• **WORK ORDER**
Write out the data word for word and omit every picture.

• **GIVEN INFORMATION**
■ ■ ■

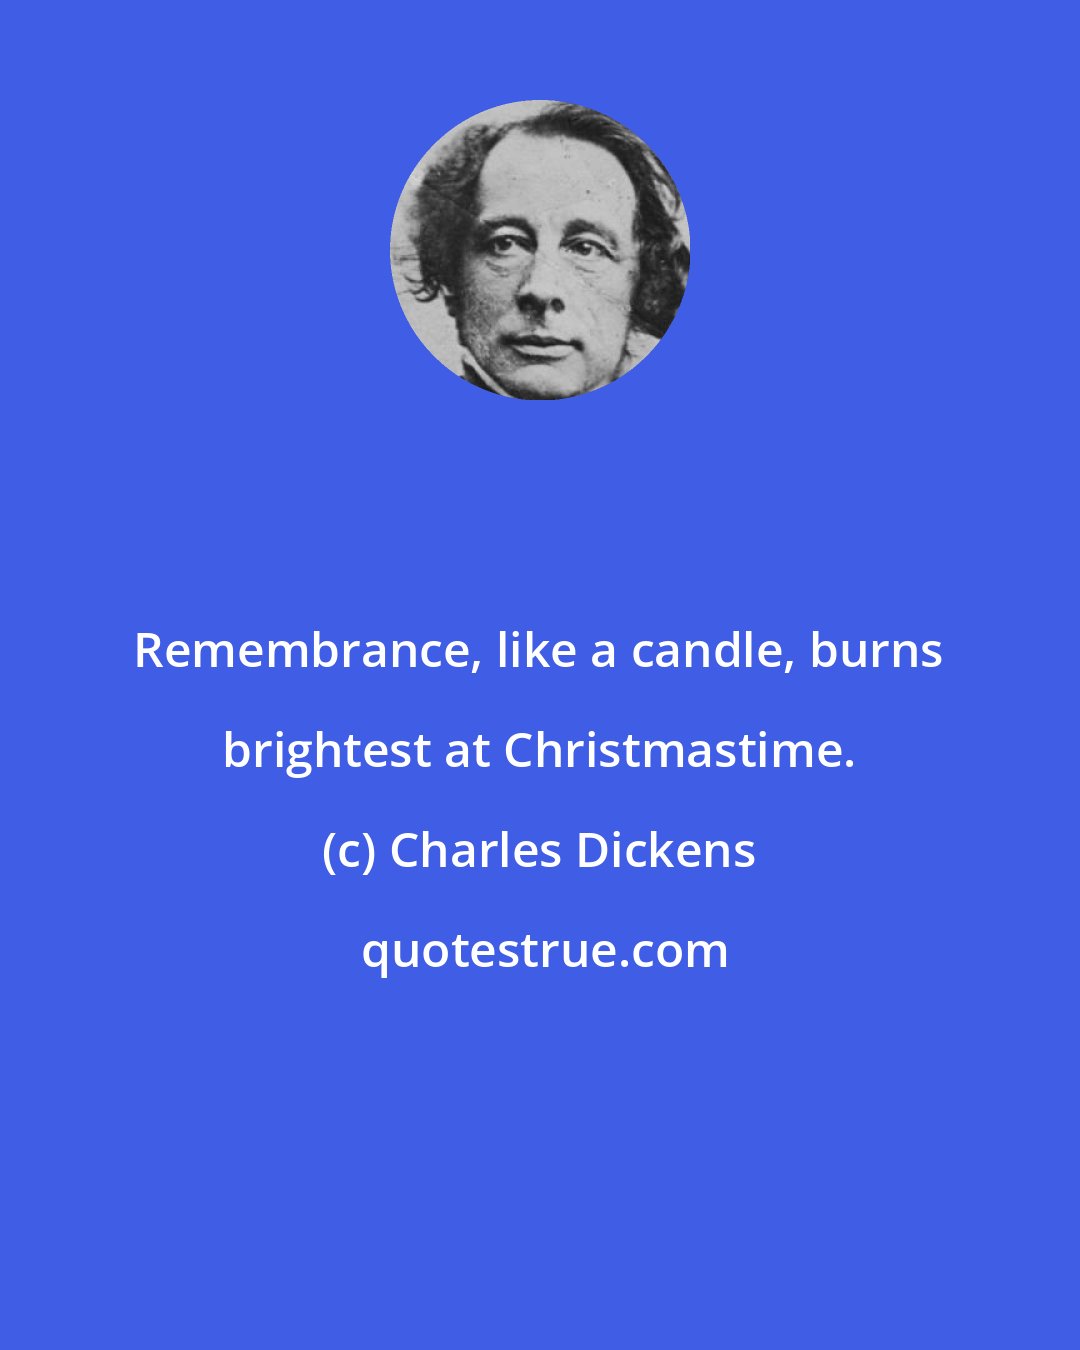 Charles Dickens: Remembrance, like a candle, burns brightest at Christmastime.
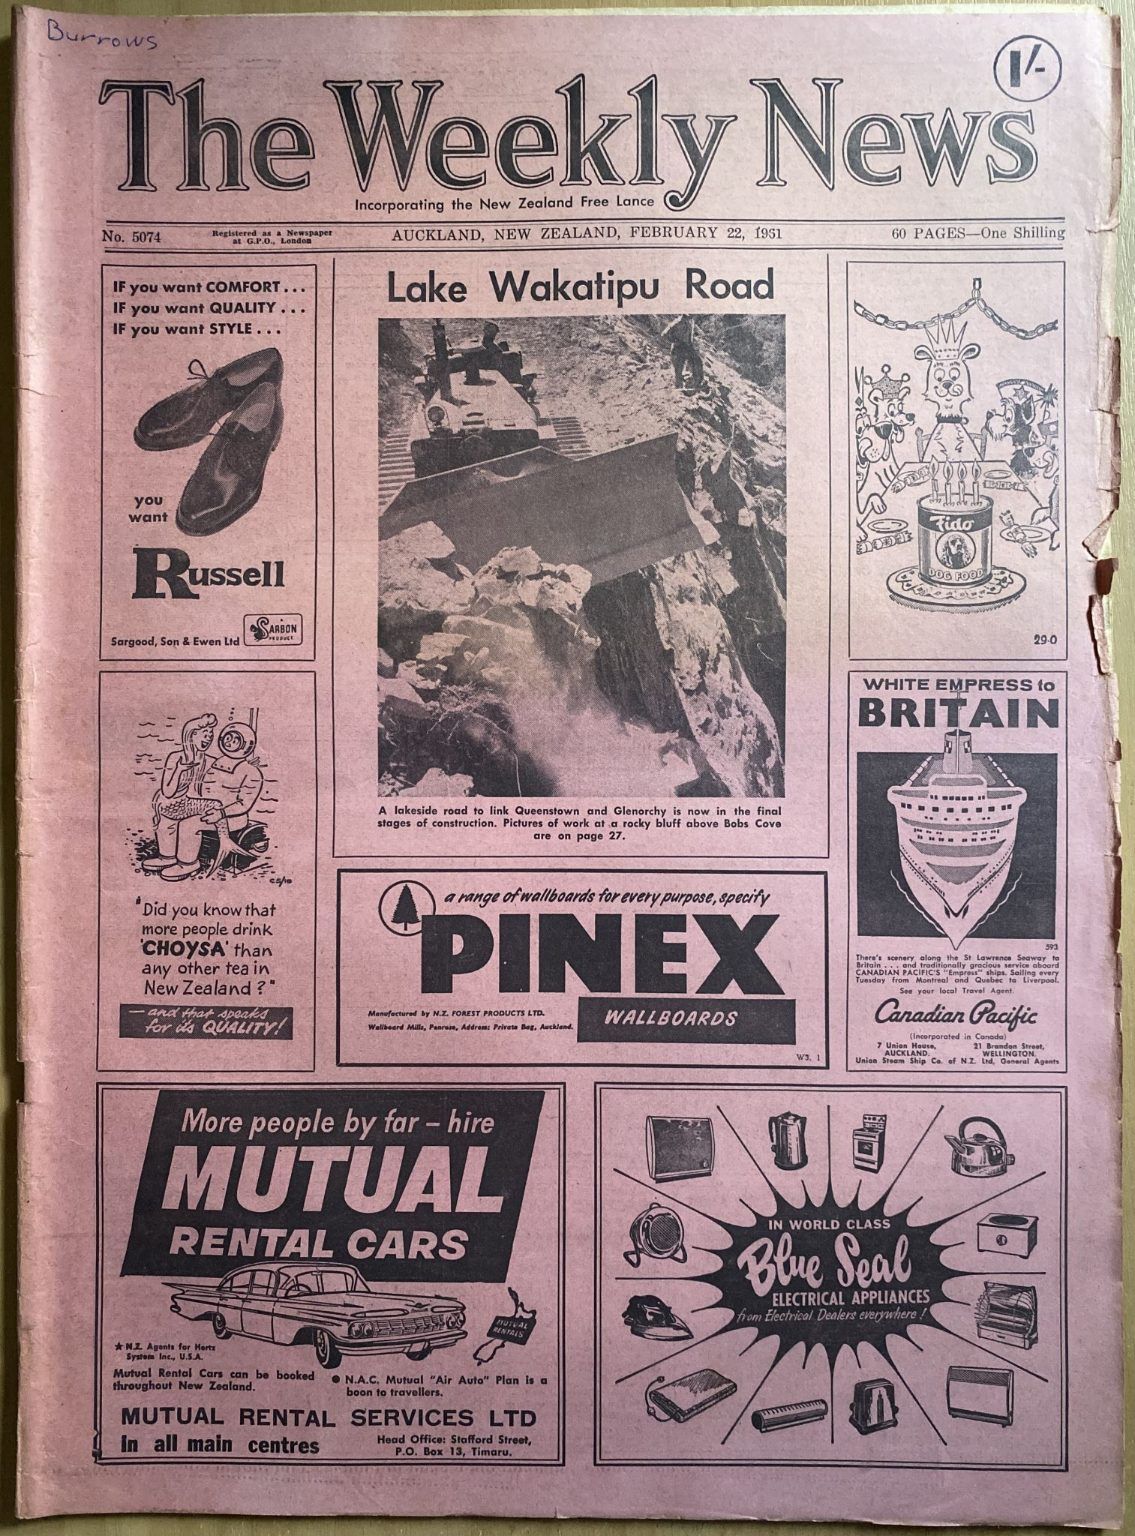 OLD NEWSPAPER: The Weekly News, No. 5074, 22 February 1961
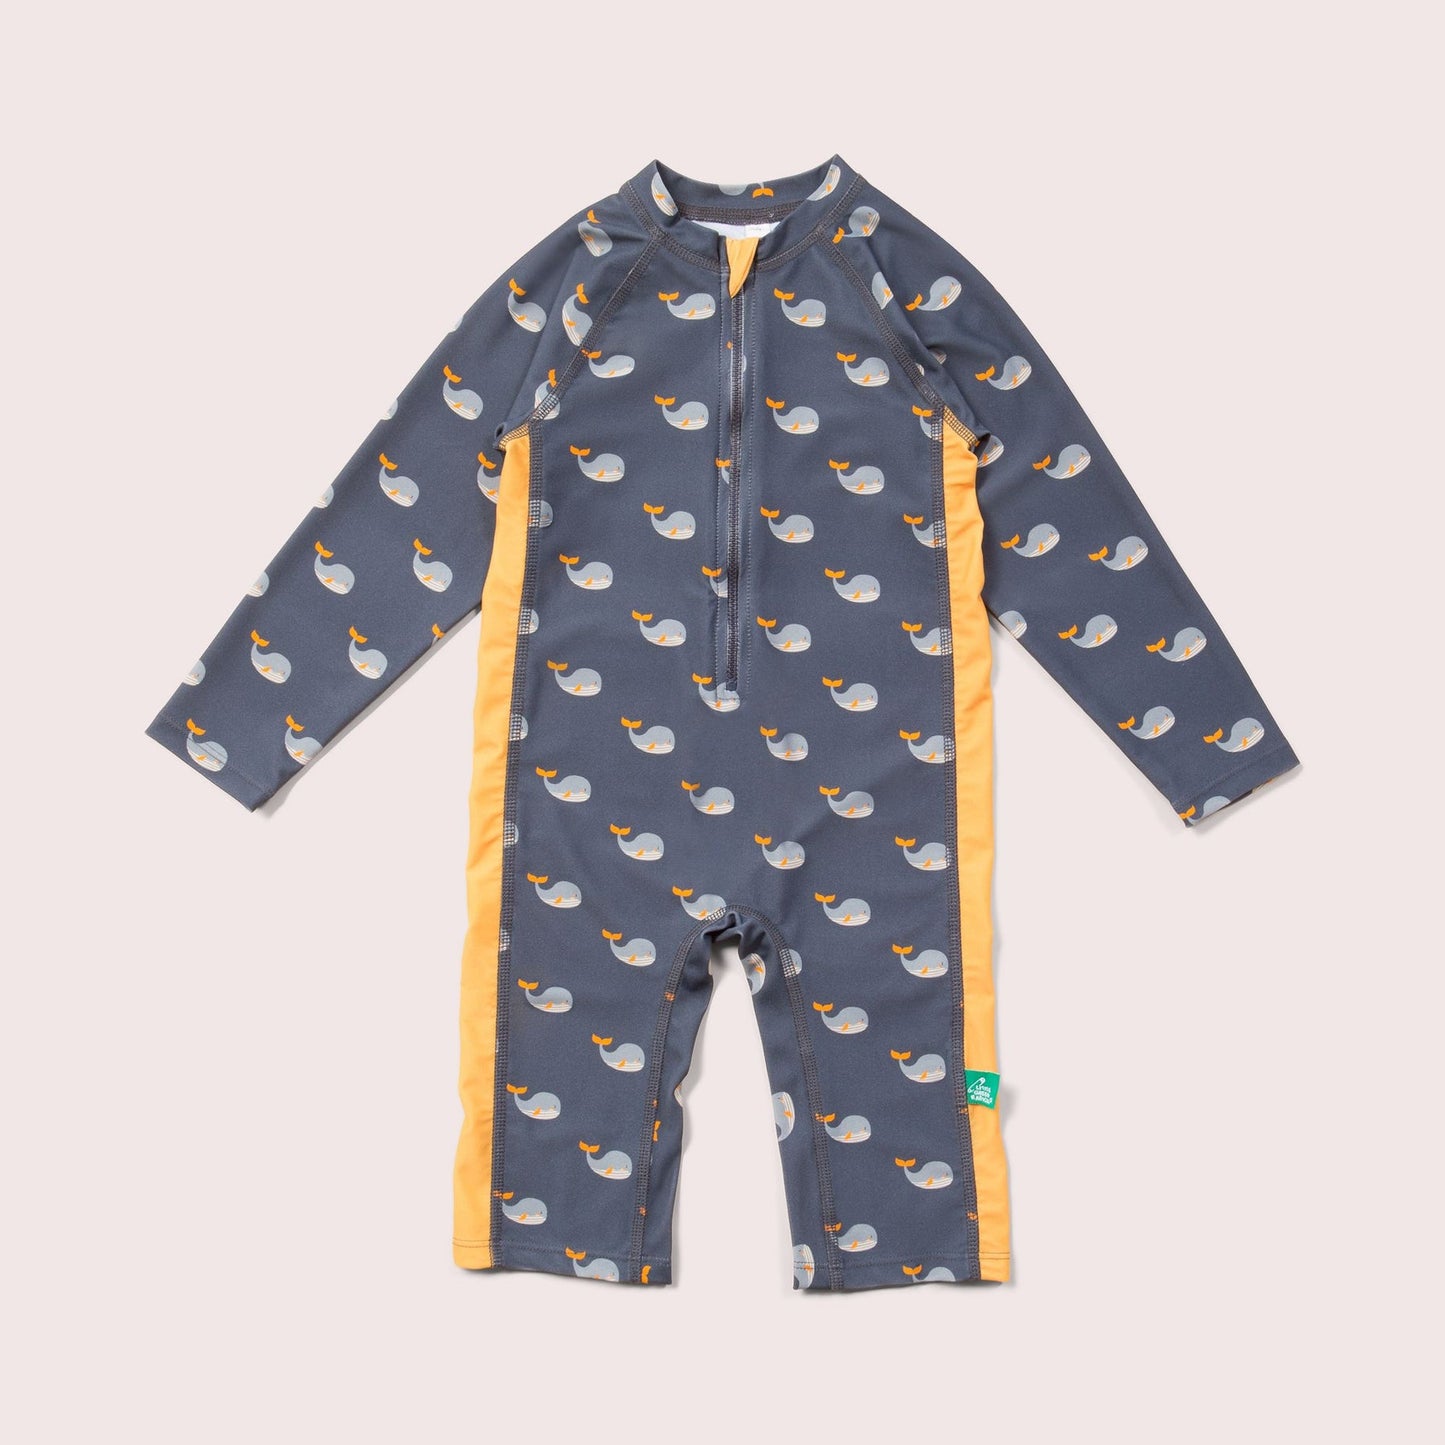 LGR Whale Song UVP 50+ Recycled Sunsafe Sunsuit

■ ■ ■

• **FINAL ANSWER**
 Charles Dickens: Remembrance, like a candle, burns brightest at Christmastime.
 OLD NEWSPAPER: The Weekly News, No. 5074, 22 February 1961
 LGR Whale Song UVP 50+ Recycled Sunsafe Sunsuit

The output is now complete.